§ **What you should do**
Could you transcribe all of the data exactly and skip any pictures?

§ **Supplied data**

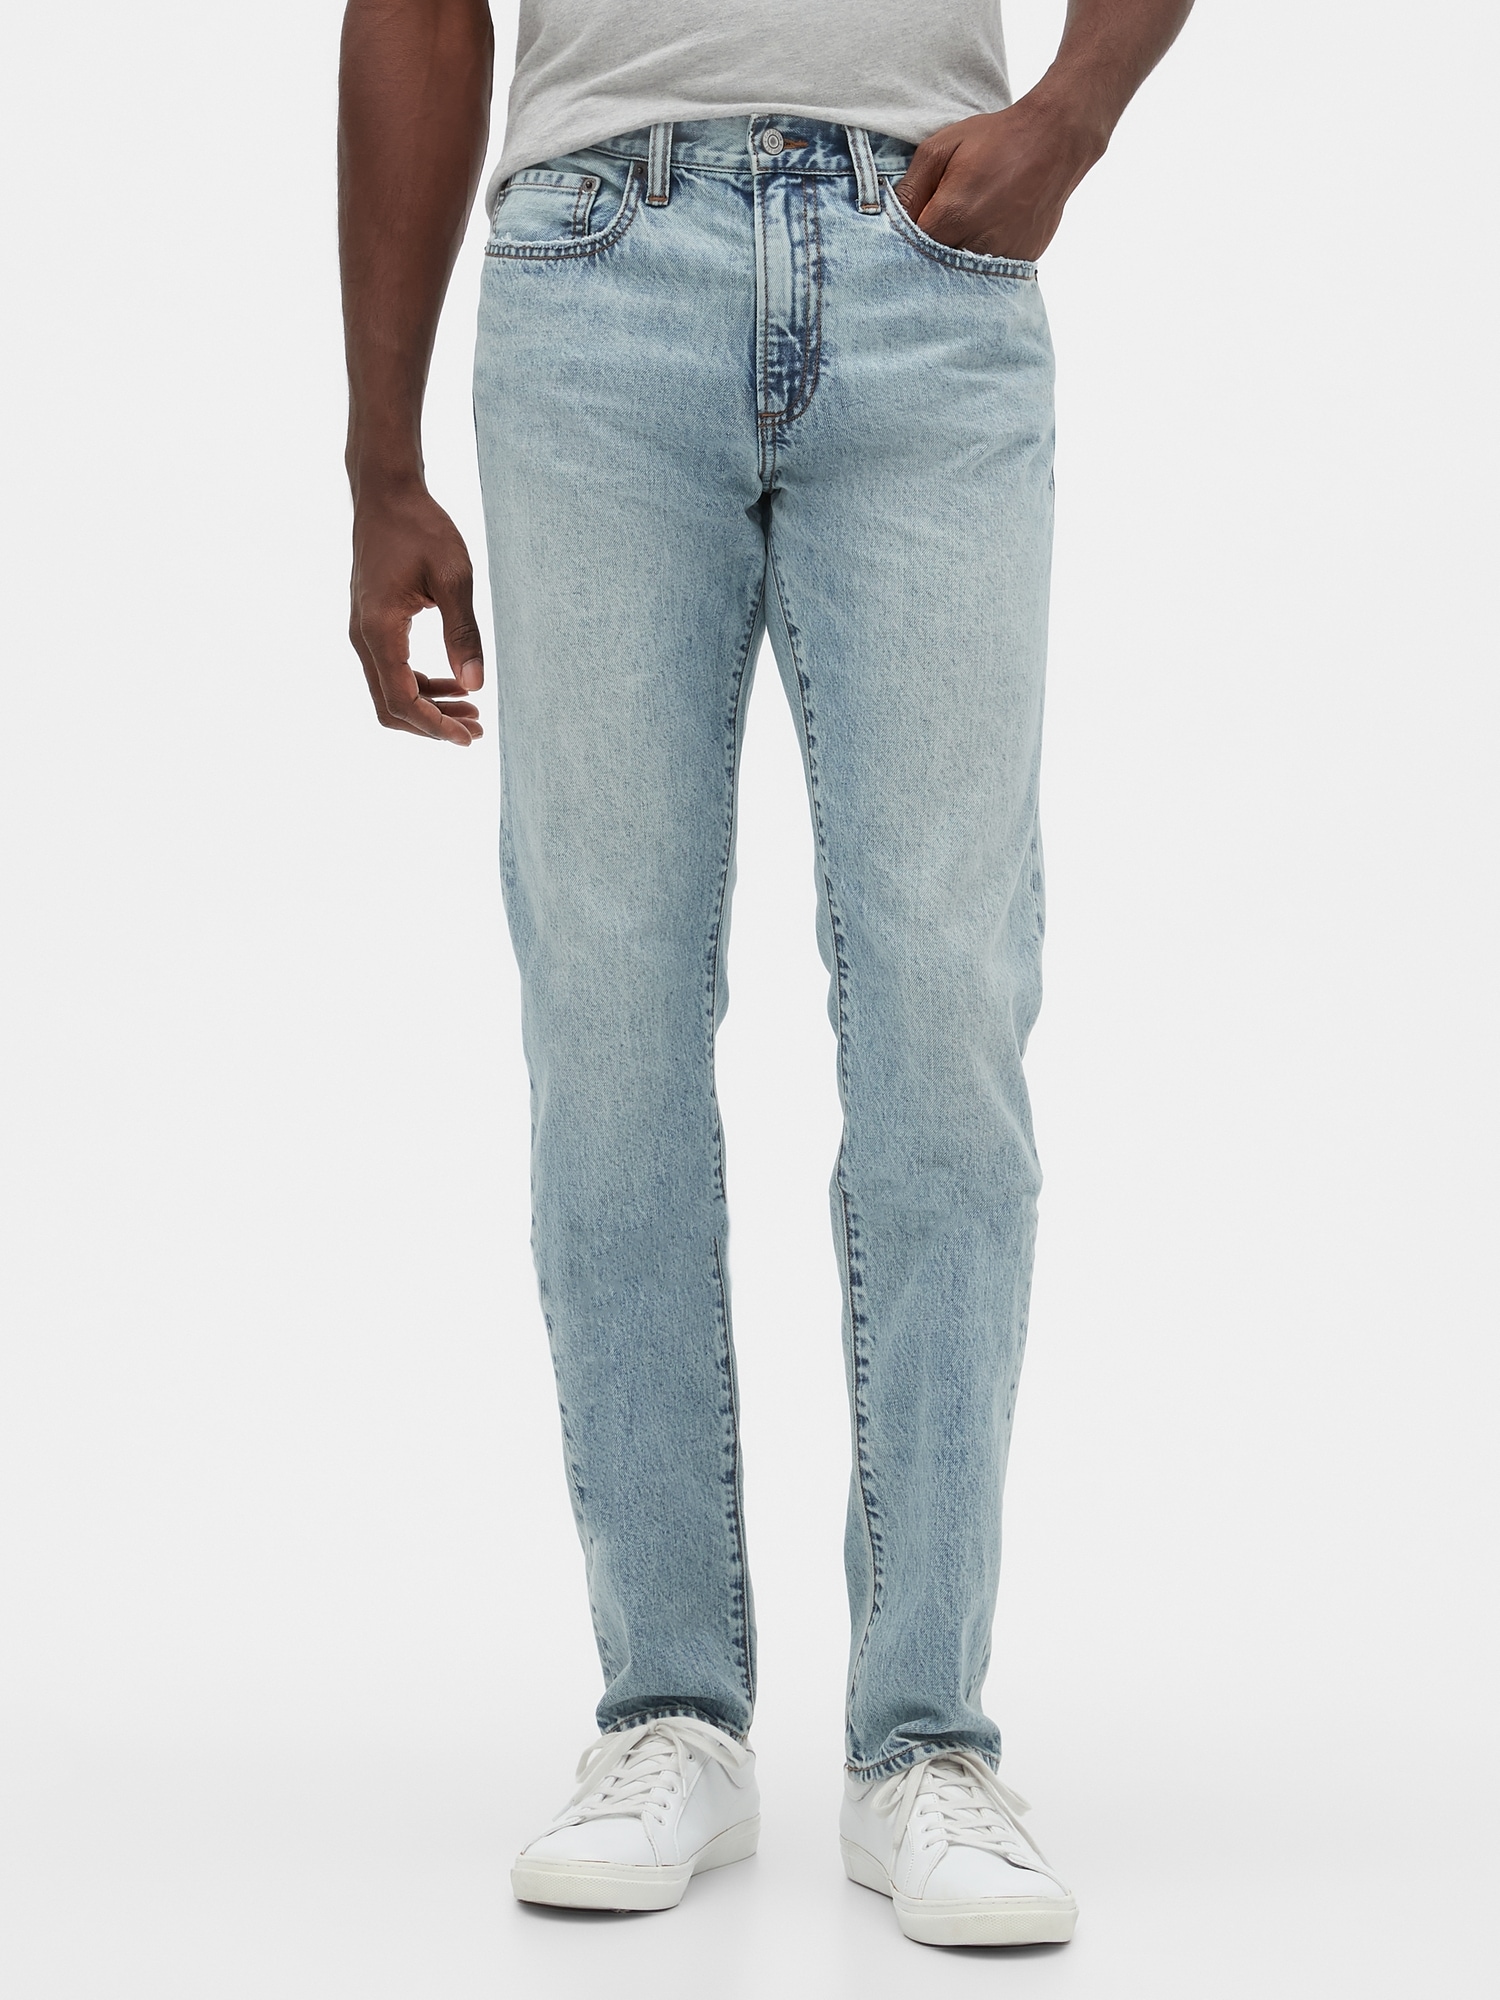 gap factory mens jeans
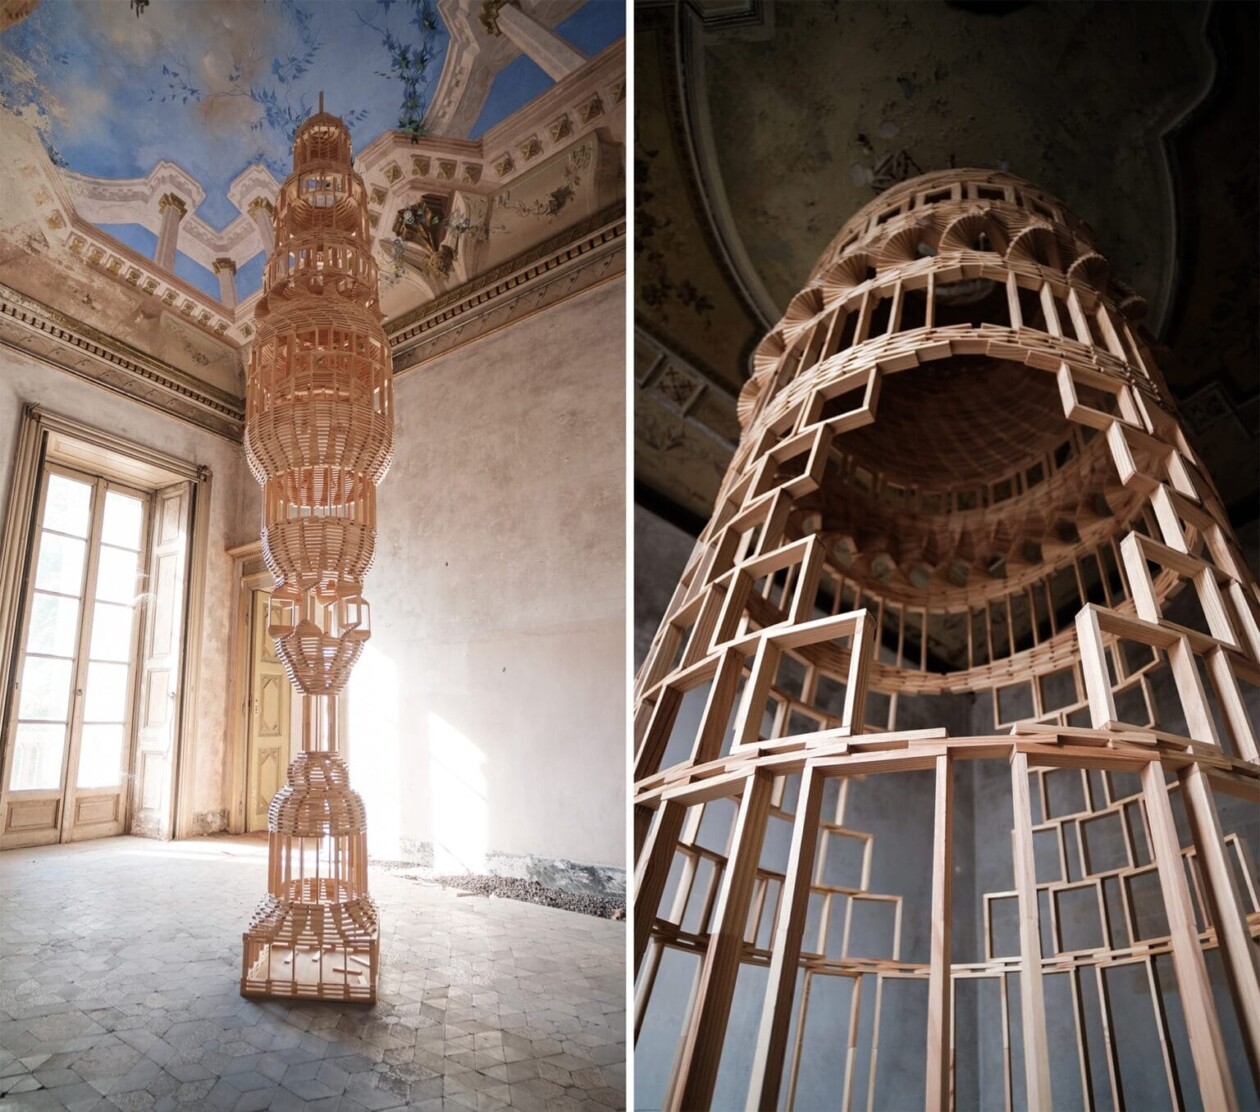 Balancing Act, The Gravity Defying Architectural Installations Of Raffaele Salvoldi (5)
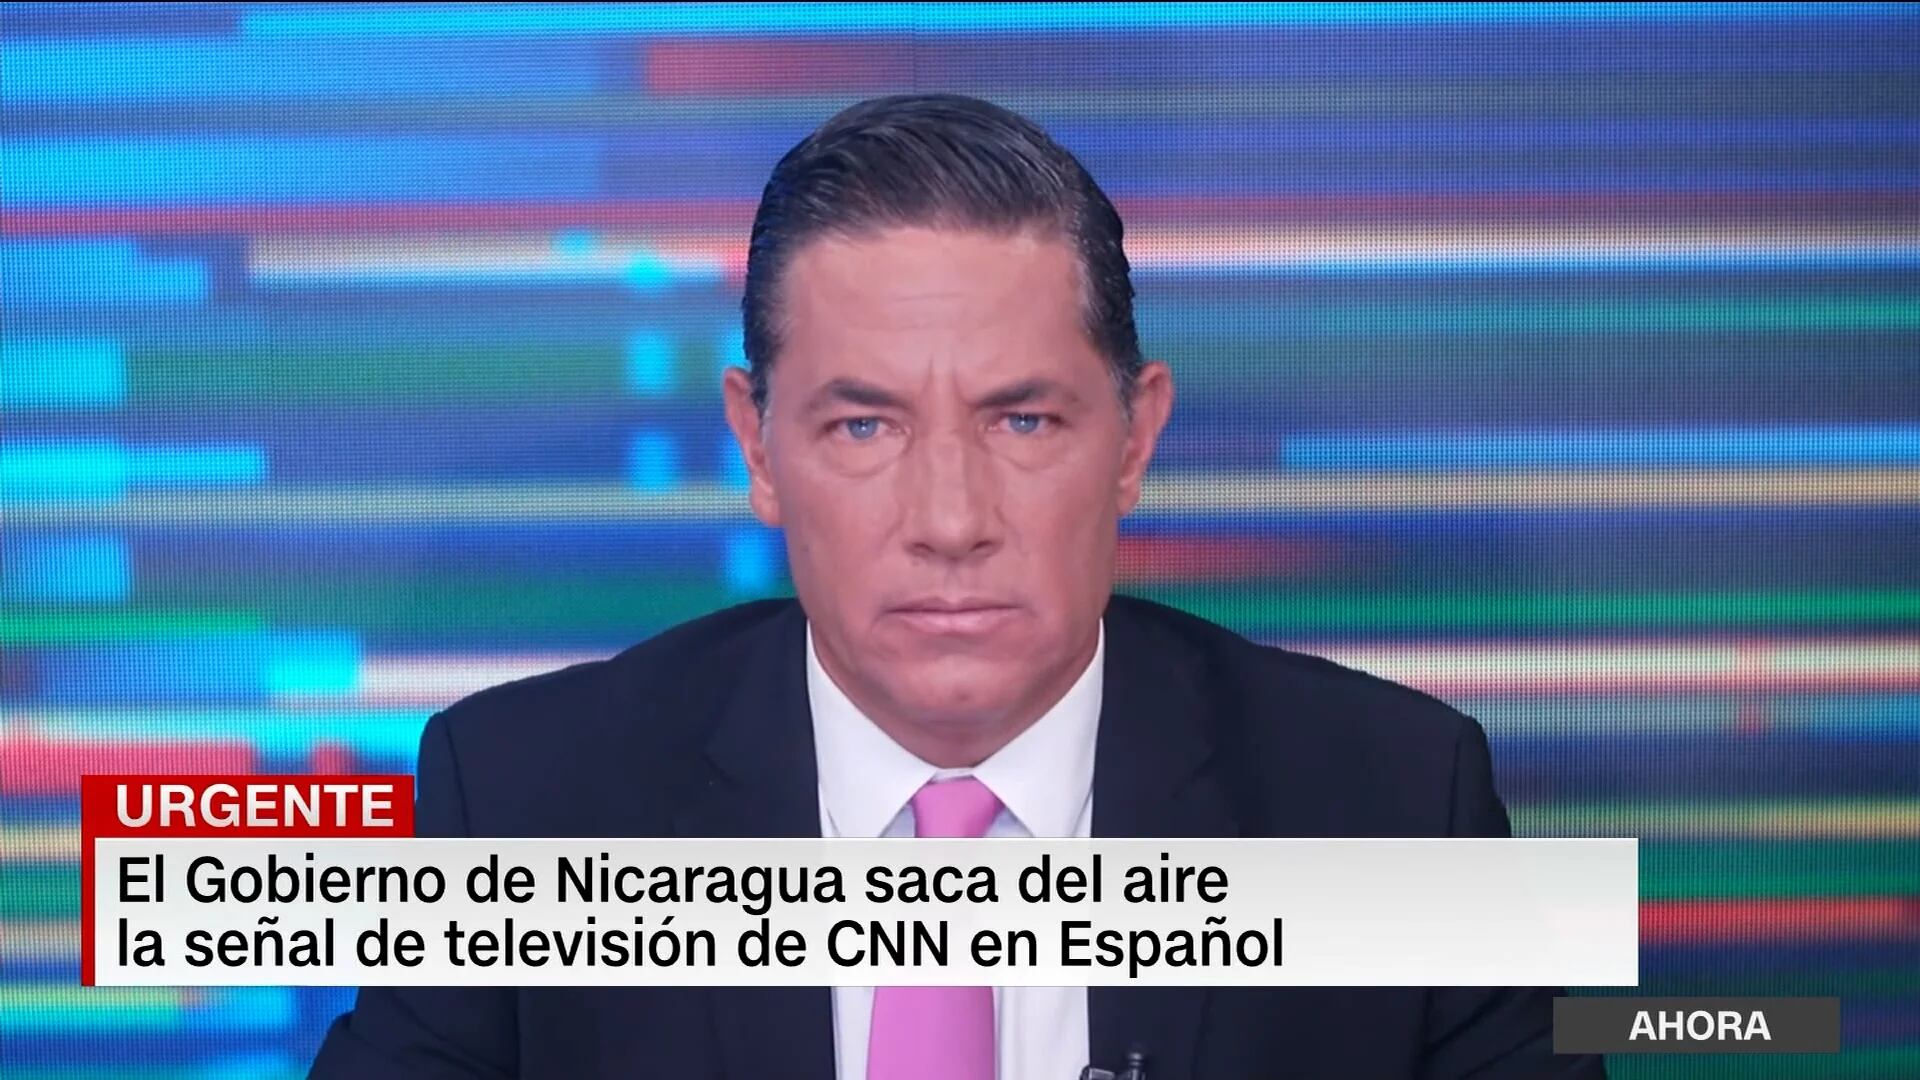 La dictadura de Daniel Ortega sacó del aire a la señal de CNN en Español en Nicaragua

§ **Solution to this exercise**
 gap factory mens jeans
 Balancing Act, The Gravity Defying Architectural Installations Of Raffaele Salvoldi (5)
 La dictadura de Daniel Ortega sacó del aire a la señal de CNN en Español en Nicaragua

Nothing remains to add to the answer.